Being a Star Trek fan, sometimes I ask myself, if it happened as described, what might provide a natural explanation for it? Did some alien civilization swoop in with their huge space ship (hence the wind) and implant "universal translators" into people's brains, using some visible energy that hovered over their heads like flames? Was some omnipotent life form, like the Q on Star Trek: the Next Generation, controlling their minds and perceptions, trying to see if they could induce a religious movement based on a mythic (or staged) resurrection story, some miracles, and a whole lot of machinations?

Well, sure I guess. Doesn't quite meet Occam's Razor criteria, but it could be a valid theory in this little mental game, though I laugh to myself thinking there are less absurd things.

But perhaps there's a less outlandish "natural explanation" that could explain Pentecost, the way mental illness or seizure disorders are now thought to explain entities once attributed to demonic possession. How about, they were all in a room, there was a huge gust of wind, they went into a mass hallucination, and somehow managed to communicate with people from various cultures about their experience? Hmm, a little vague, but maybe.

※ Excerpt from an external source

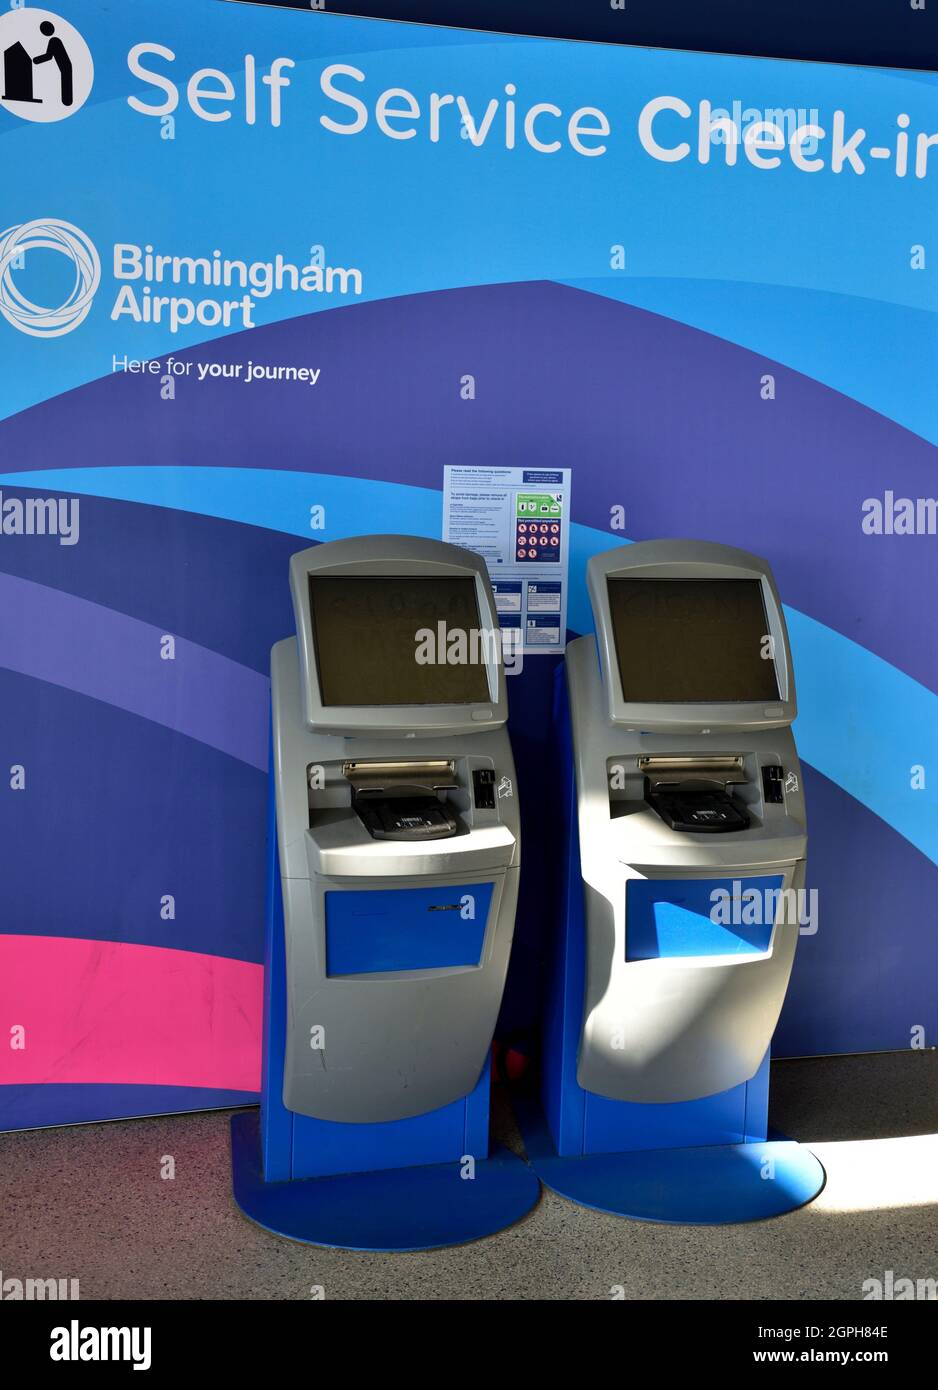 All'interno della stazione ferroviaria internazionale di Birmingham, macchine per il check-in self-service Foto Stock

Are any of these possibilities less absurd than the possibility of Emmanuel: God with us? Or the possibility that love is real? If there is Life from whom all life proceeds, an energy Source that set all of the natural world in motion, is it then so unbelievable that such a generative energy be a loving one, one that could be present among us, BE us, and triumph over human limits, even the perceived limits of physics and biology?

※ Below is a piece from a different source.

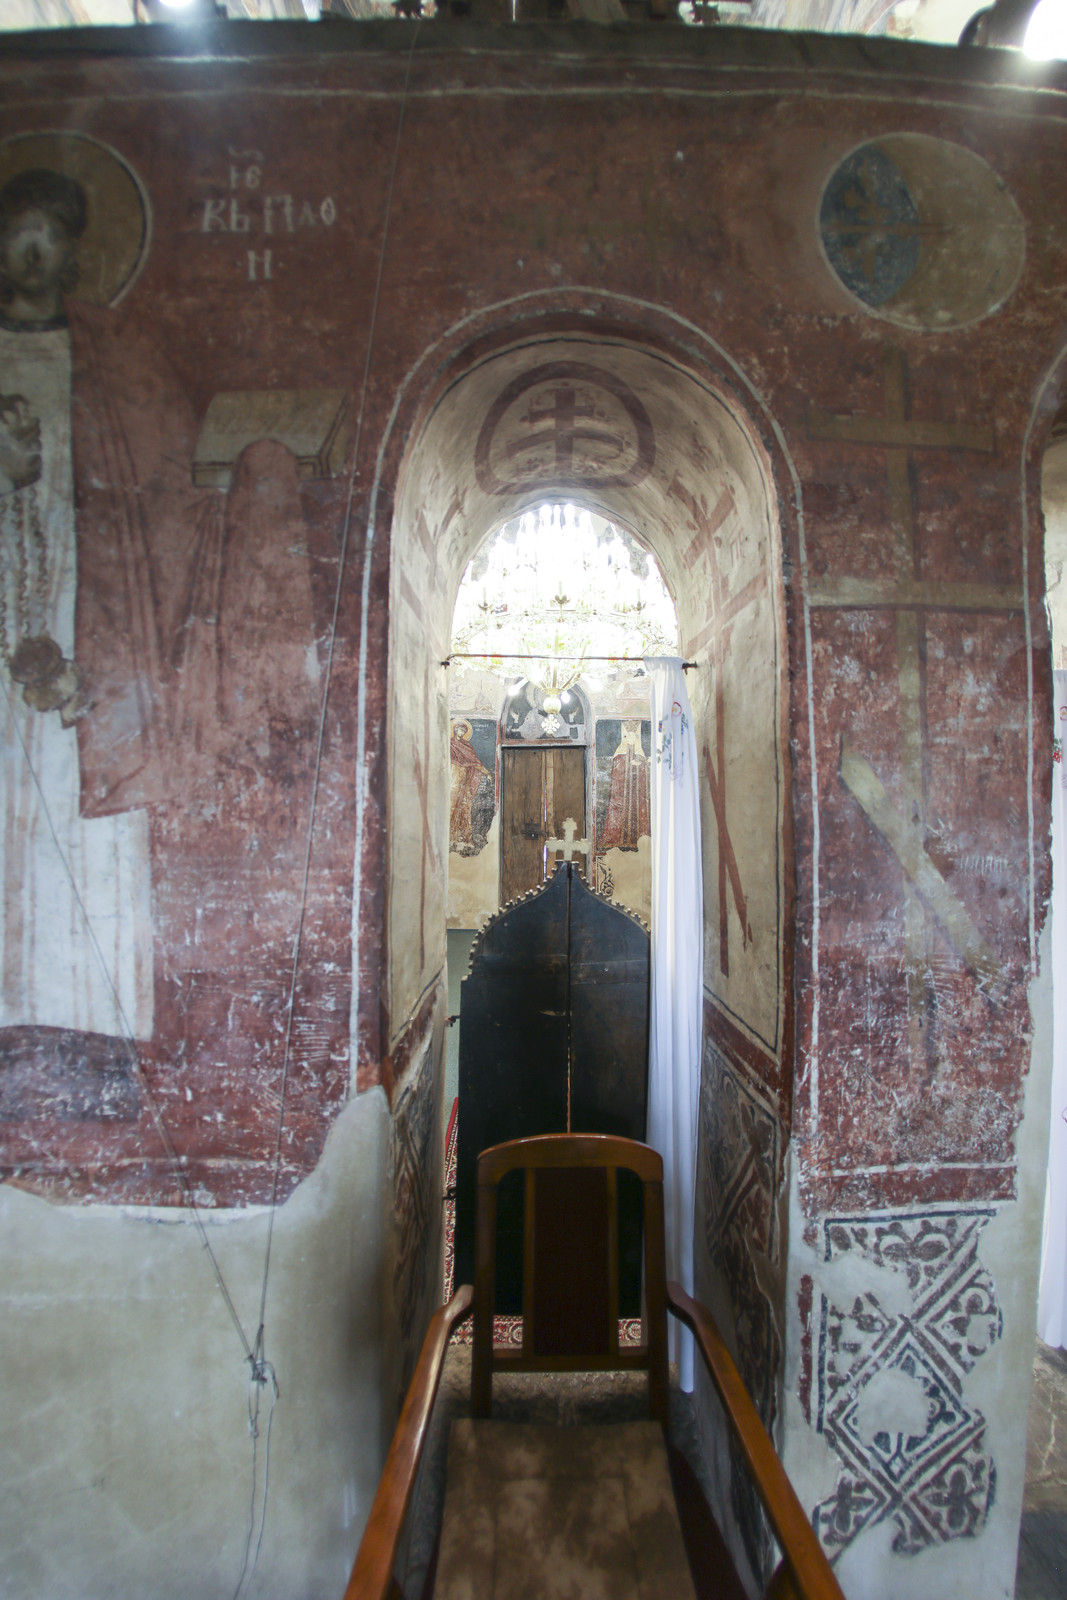 Зидана олтарска преграда и и наос, поглед из олтара

I am no theologian. I will not pretend or claim to understand spiritual mysteries, to know God or Christ or any of the world's holiest prophets. For me, story and ritual nourish that part of my brain / mind / heart / spirit that longs for transcendence, and I am at peace with incomplete understanding. The doctor in me usually has to know about things; there is a part of me, though, that doesn't need to know or understand everything, that has found peace in mystery, in the process of reaching for greater wisdom whether or not such wisdom is attainable. Trying to find natural explanations for events and experiences is a good thing. Reason is a human gift. We're supposed to use it. But perhaps in some cases, going through all sorts of intellectual contortions to try to understand certain human experiences is futile and, in the end, missing the point.

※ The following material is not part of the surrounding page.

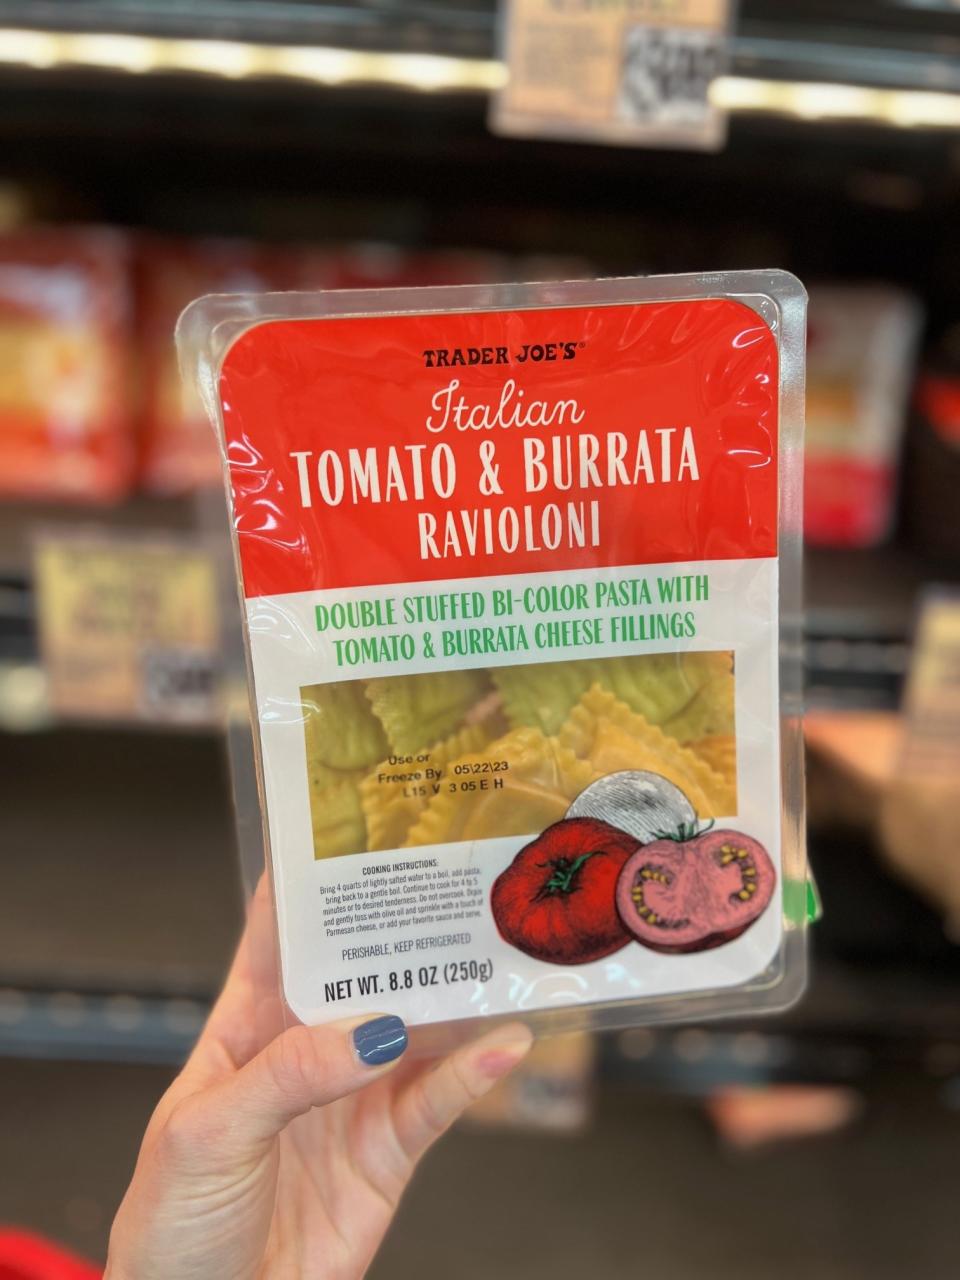 A package of Italian Tomato & Burrata Ravioloni: "double stuffed bi-color pasta with tomato & burrata cheese fillings"

Something happened back then. I don't know exactly what. But the world was never the same afterward, in both good and bad ways. So that Something made a real dent in our physical and historical reality, and I think our task now hundreds of years later is to let that same Spirit work through us, like hands kneading bread, or leavening that makes bread rise.
-What are we on fire about?
-What would we give our lives to communicate?
-How can we transform ourselves, our world, into something greater than the sum of its imperfect parts?

***

This morning my family, here and in Manila gathered around NPR's webcast of Weekend Edition Sunday (it's amazing that we could even do this!) to listen to a short essay I wrote and recorded for their series This I Believe. I don't know if this was coincidence, but they chose to air the essay, which is essentially about spirit and mentions spirit a lot, on this day of all days, the day of the Holy Spirit. Listening to it reminded me that the Spirit doesn't always have to come in a big gust of wind. Elijah found it in a whispered breeze outside his cave. I see it in my children and my husband every day - in their questions, their joy, their sorrows, their love, in everything that makes us living beings, in all those moments that create our human life.